_WORK TO BE COMPLETED:_ An exact copy of the data below is needed; please leave out any pictures.

BEGIN DATA SEGMENT

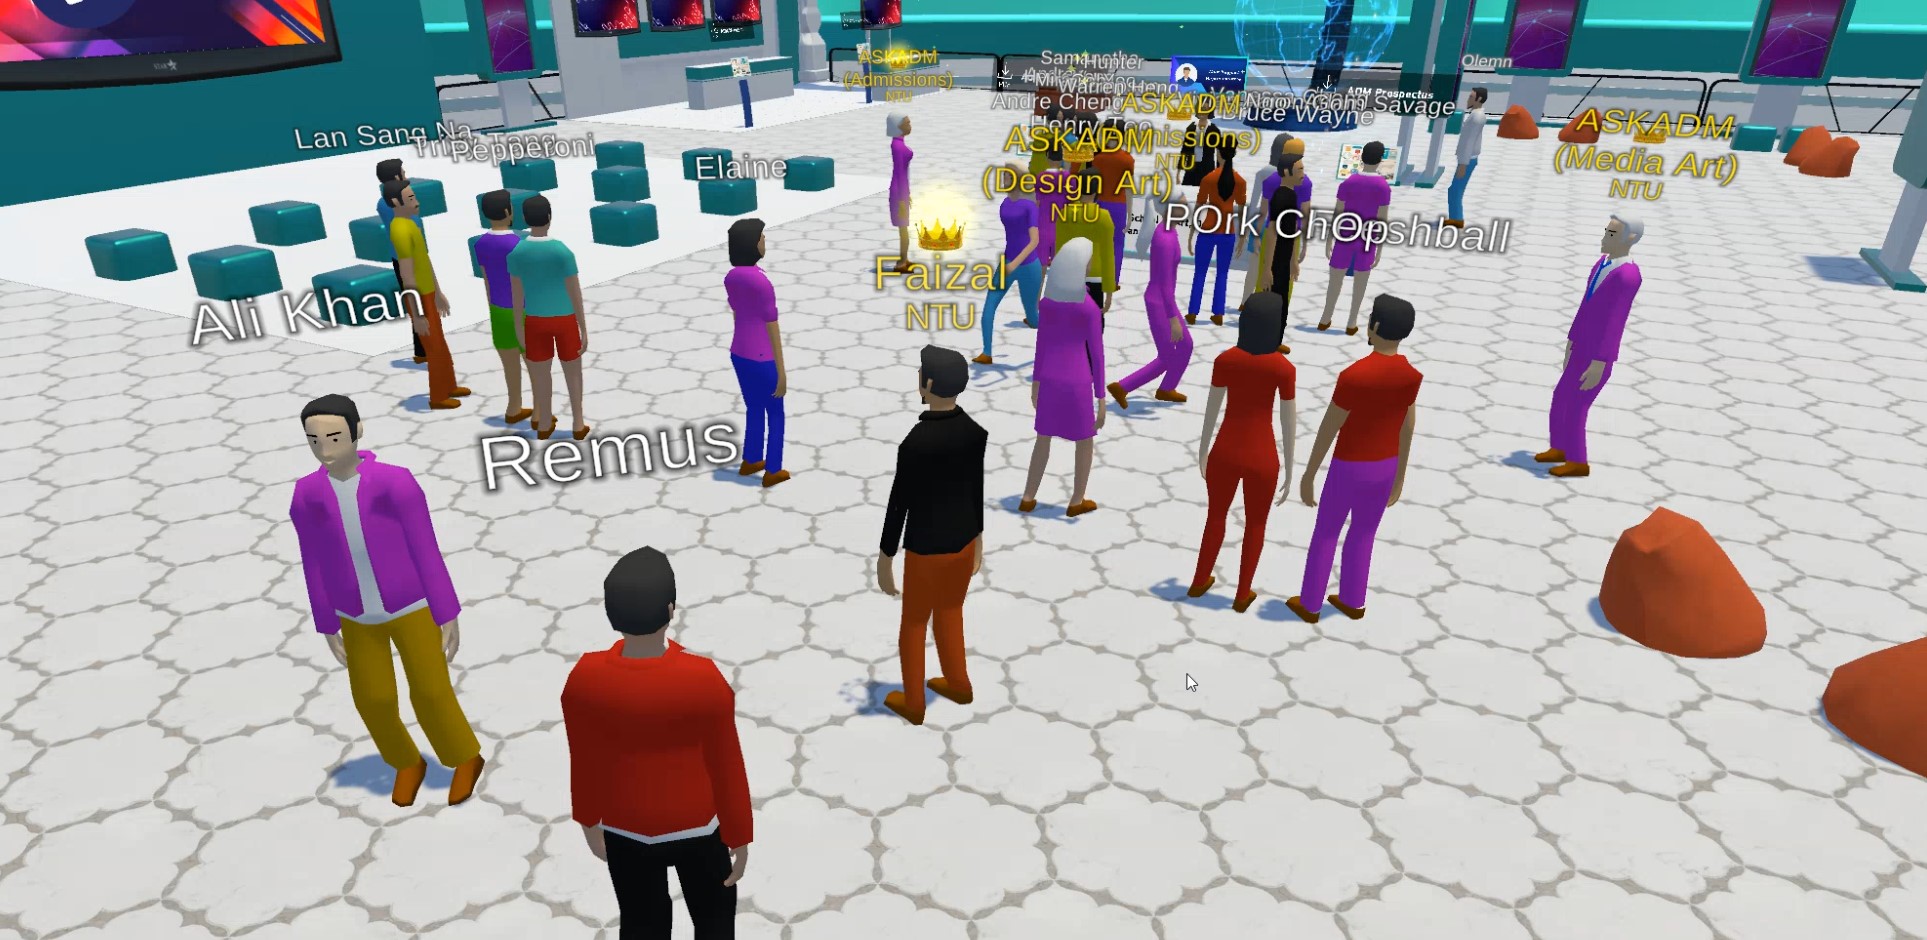 NTU Open House Metaverse Screenshot of users in the lobby area
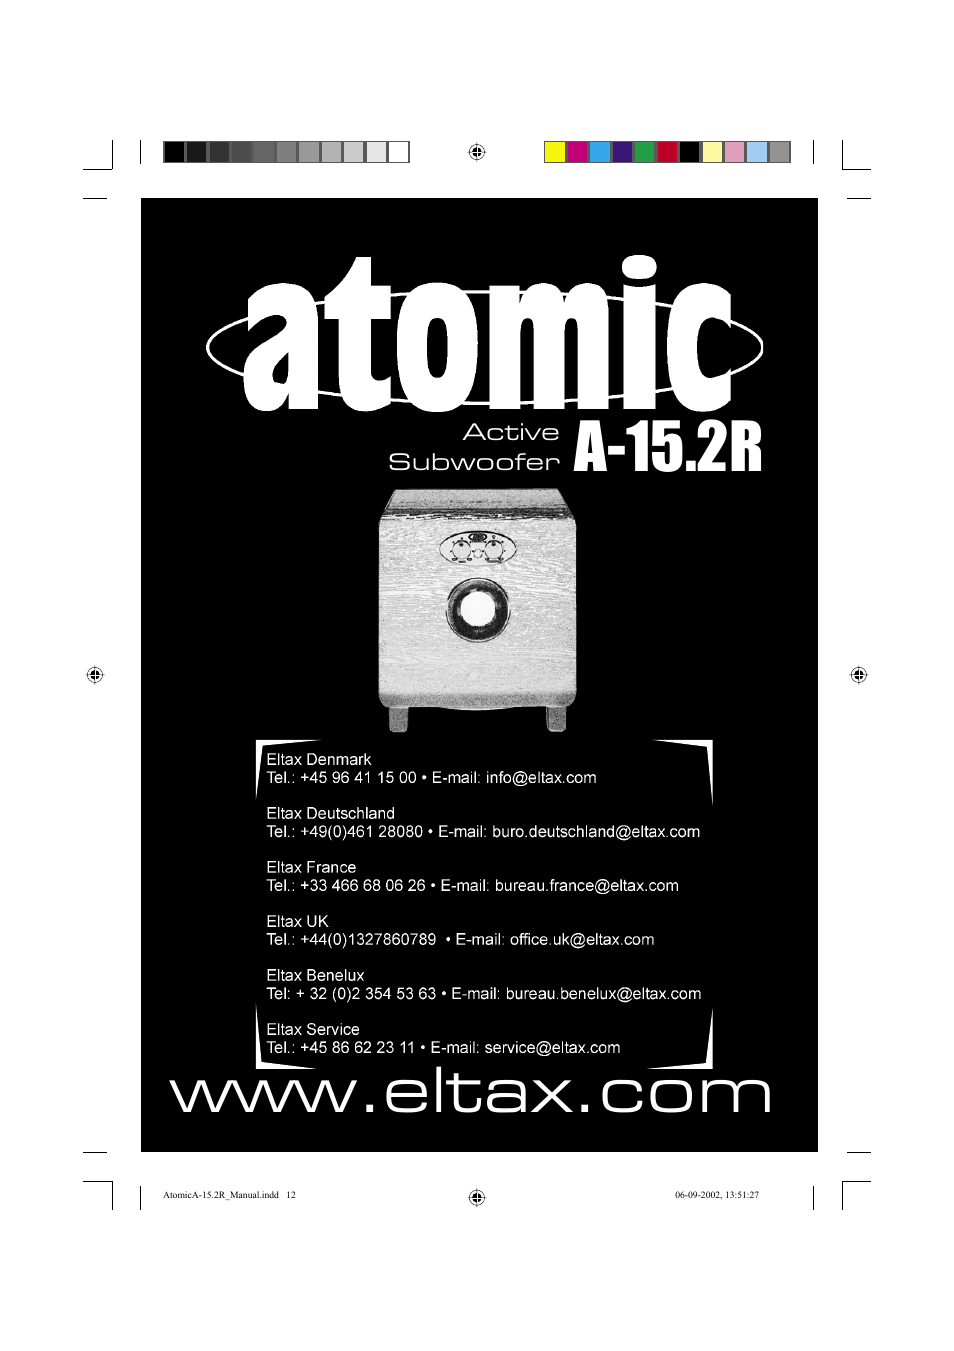 A-15.2r, Active subwoofer | Eltax Atomic A-15.2R User Manual | Page 12 / 12  | Original mode
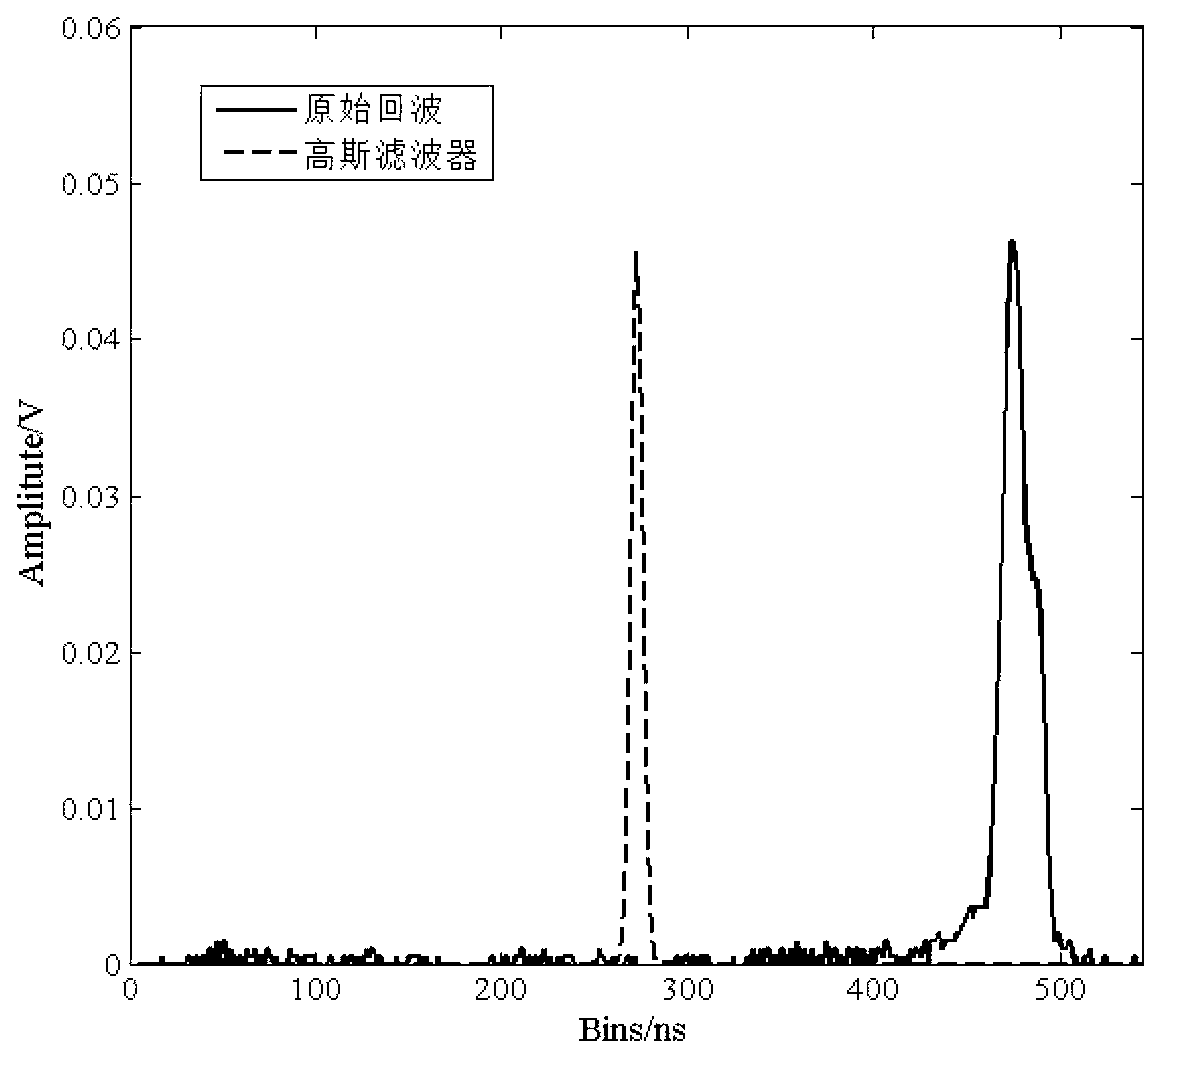 Full-waveform laser radar echo data gaussian decomposition method based on genetic algorithm

END DATA SEGMENT

_ANSWER BELOW:_
 NTU Open House Metaverse Screenshot of users in the lobby area
 A-15.2r, Active subwoofer | Eltax Atomic A-15.2R User Manual | Page 12 / 12  | Original mode
 Full-waveform laser radar echo data gaussian decomposition method based on genetic algorithm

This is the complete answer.